BY STEVEN MAIER
Ken Takahashi, a research scientist at the Instituto Geofisico del Peru in Lima, visited the Knight Center in the midst of his temporary appointment with the National Oceanic and Atmospheric Administration’s Climate Prediction Center in College Park, Maryland.
Takahashi is a leading scientist in the study of the domestic effects of El Niño in Peru. He often plays a high-stakes role in communicating the likelihood of floods and drought that often accompany the formation of El Niño in the Pacific Ocean.
His goal is to collaborate with researchers at the Knight Center to learn how to relay confusing definitions and concepts to a skeptical public.

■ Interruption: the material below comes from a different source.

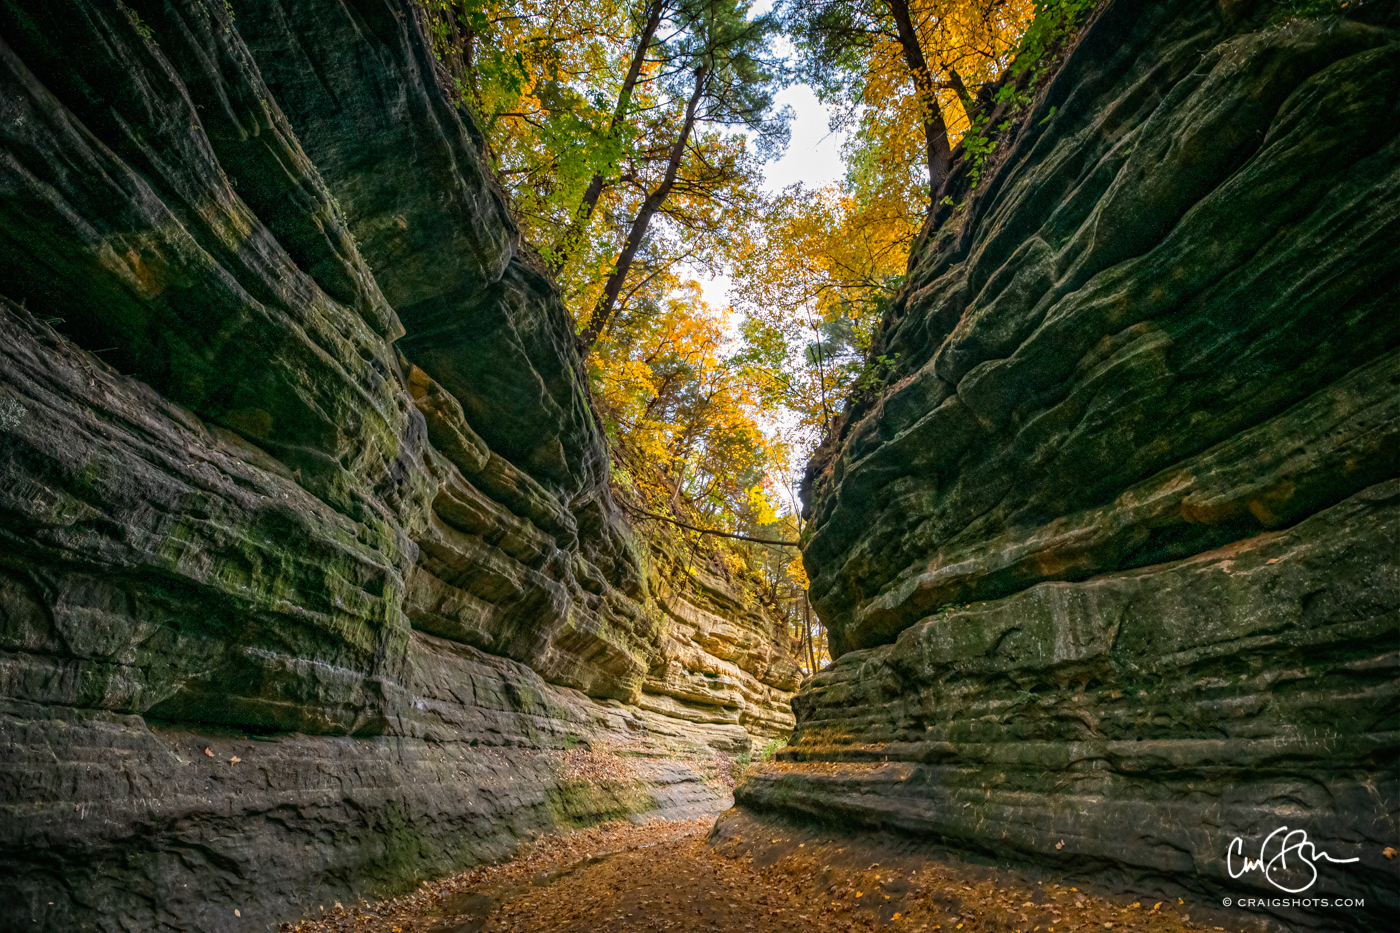 Oct 23: Canyon, Starved Rock State Park, Illinois

“I could just say ‘this is the way it is…it’s going to be like this because we’re the experts and this is how we think it’s going to be,’ but that usually doesn’t work by itself,” Takahashi said.
Takahashi is a member of the Multisectoral Commission for the National Study of El Niño, a collaboration of government scientists. Each year the commission releases likelihoods of the storms typically caused by the formation of the El Niño.

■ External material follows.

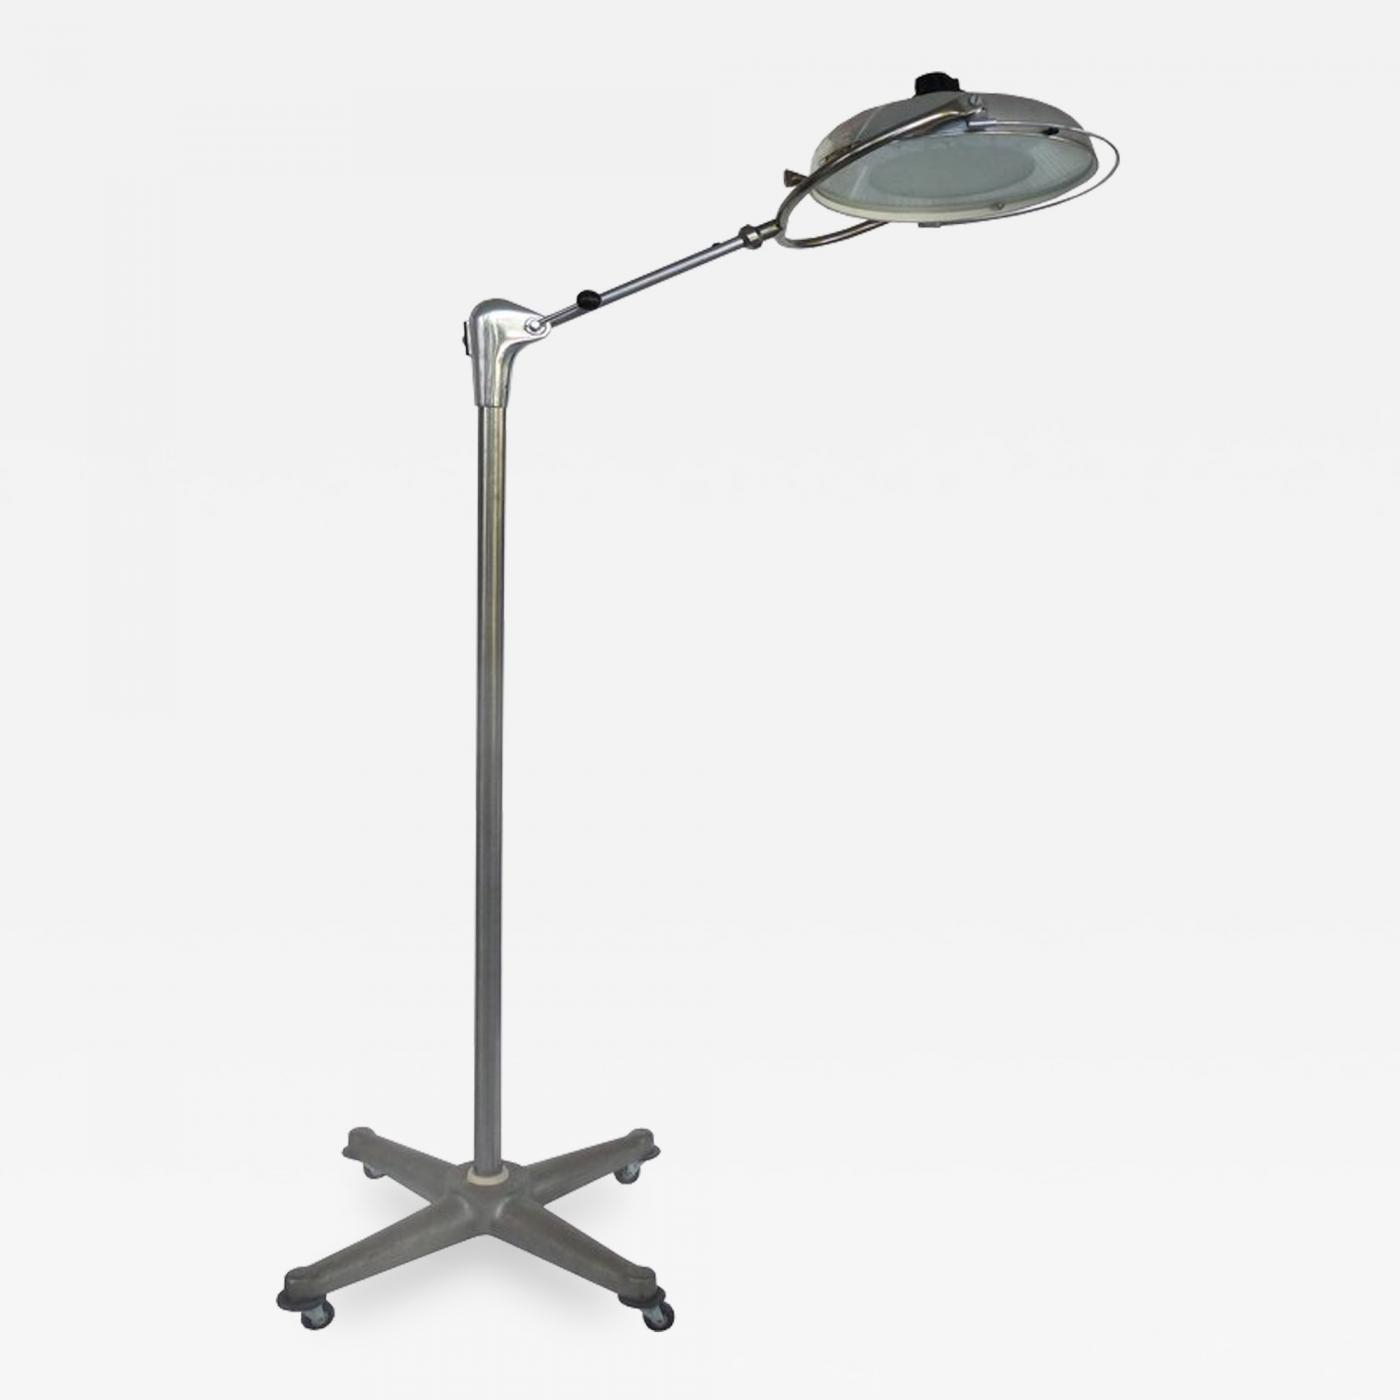 Scialytique Scialytique French Industrial Surgical Floor Lamp With Pivoting Adjustable Arm intended for proportions 1400 X 1400

In scientific terms, El Niño is defined as a periodic warming occurring in the Pacific Ocean, which is identified by a higher water surface temperature. The people of Peru associate El Niño with heavy rains and flooding along the coast – like those they saw in March, responsible for dozens of deaths and the displacement of thousands of residents.
The problem is that there is no shared definition, Takahashi said. While those rains were caused by a weather pattern the Peruvian media dubbed a “coastal El Niño,” conditions in the rest of the Pacific Ocean did not fit the bill.

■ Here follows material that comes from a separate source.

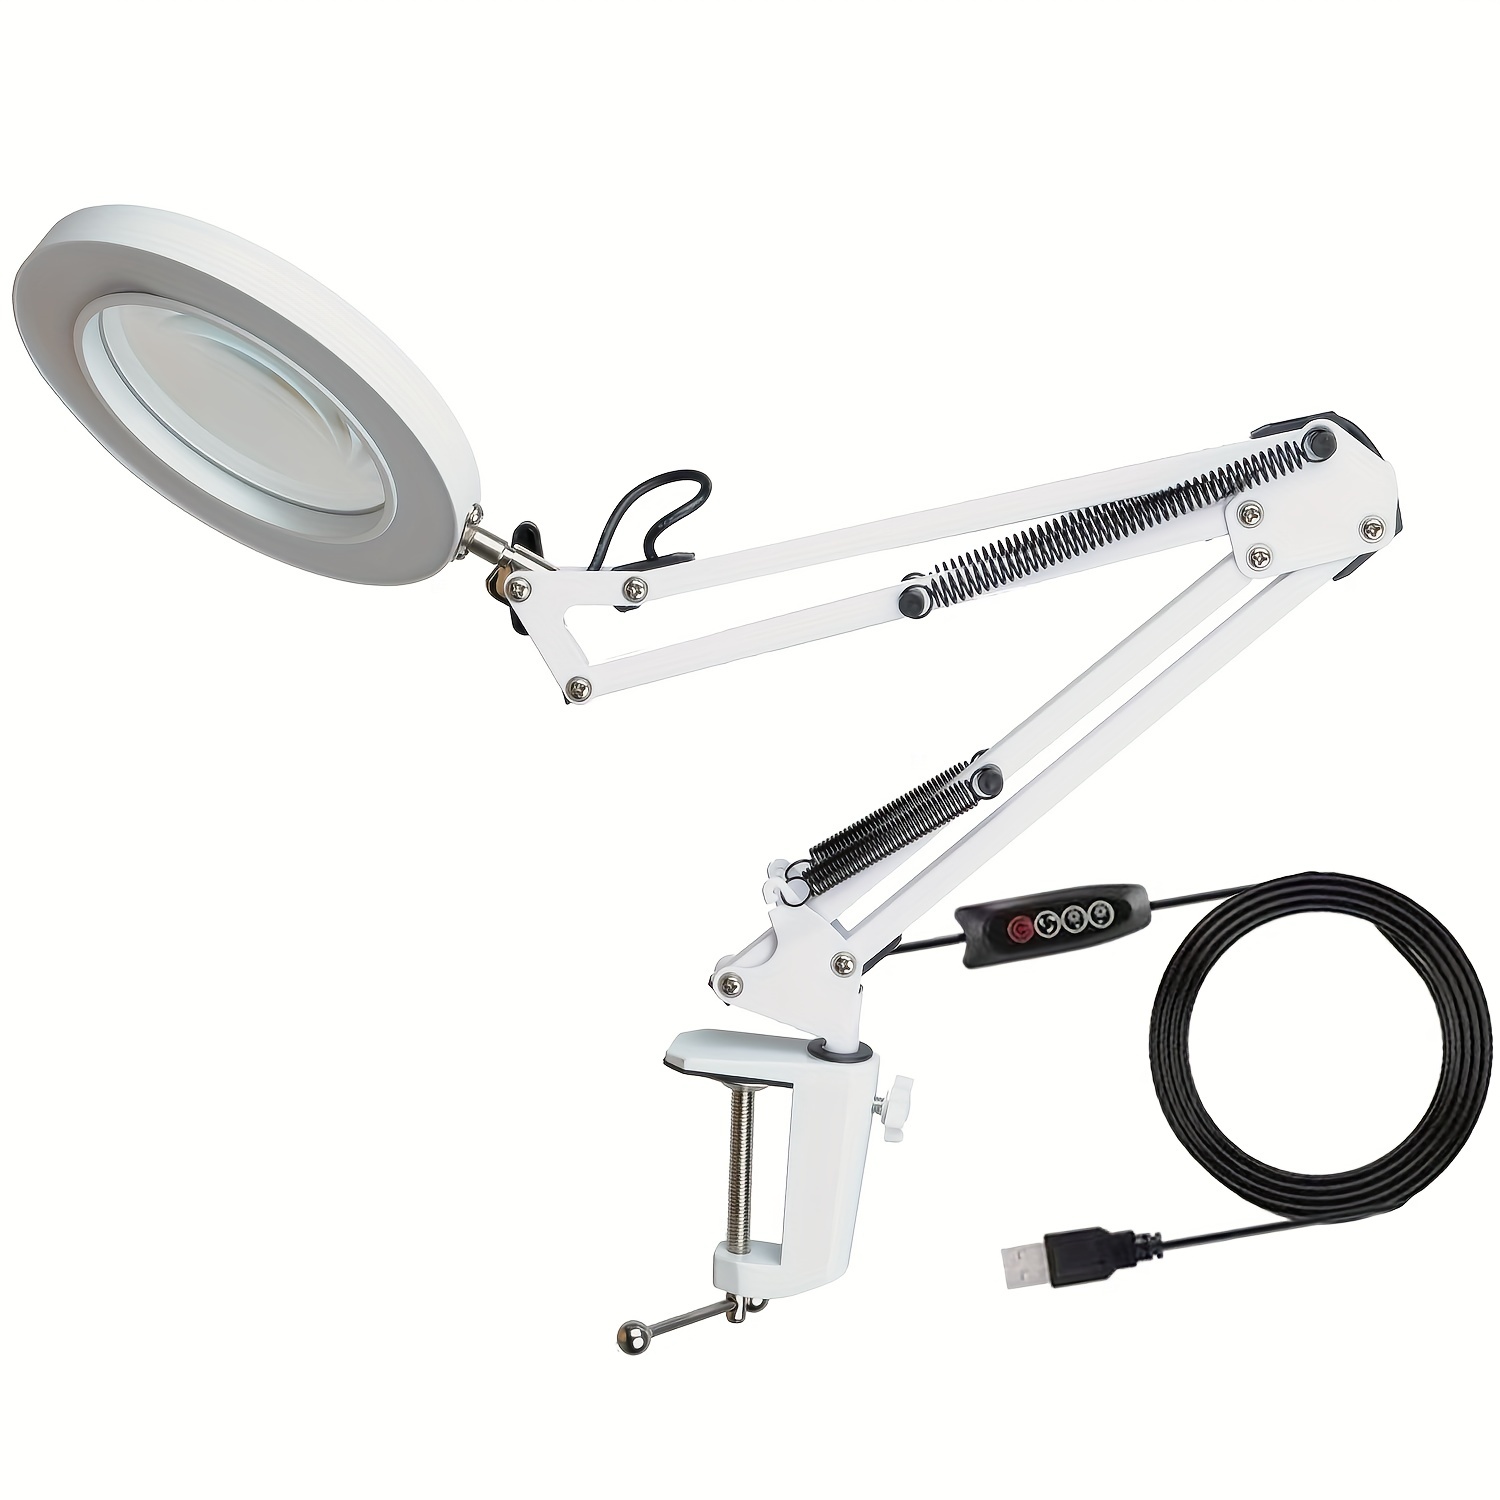 10X Magnifying Glass Desk Light Magnifier LED Lamp Reading Lamp With  Base&Clamp

“It is El Niño, but it’s not the same El Niño people are talking about elsewhere,” Takahashi said.
While the waters along the coast warmed enough to bring the rains that the Peruvians have learned to call “El Niño,” the central Pacific Ocean was slightly colder than usual, he said. Projections from other nations monitoring the ocean’s center called for a mild El Niño, while Peruvian scientists warned the public to prepare for just the opposite.
That’s in contrast to the weather patterns Peru experienced in 2015, when projections called for significant ocean warming, Takahashi said. Peruvians prepared for the rains. The ocean warmed, but Peru remained dry.
Warming temperatures along the coast bring the rains, Takahashi said, but those same warming ocean currents in the central Pacific bring dry weather. In this case, the central ocean was warmer than the coastal waters, offsetting the effects Peruvians normally expect from a strong El Niño.
So El Niño can sometimes bring the weather opposite of what’s expected from it.
“This makes it a nightmare to communicate,” Takahashi said.
Takahashi’s hope is that research like that taking place at the Knight Center can help scientists in Peru communicate complexities. That might go one step farther in establishing trustworthiness among the public.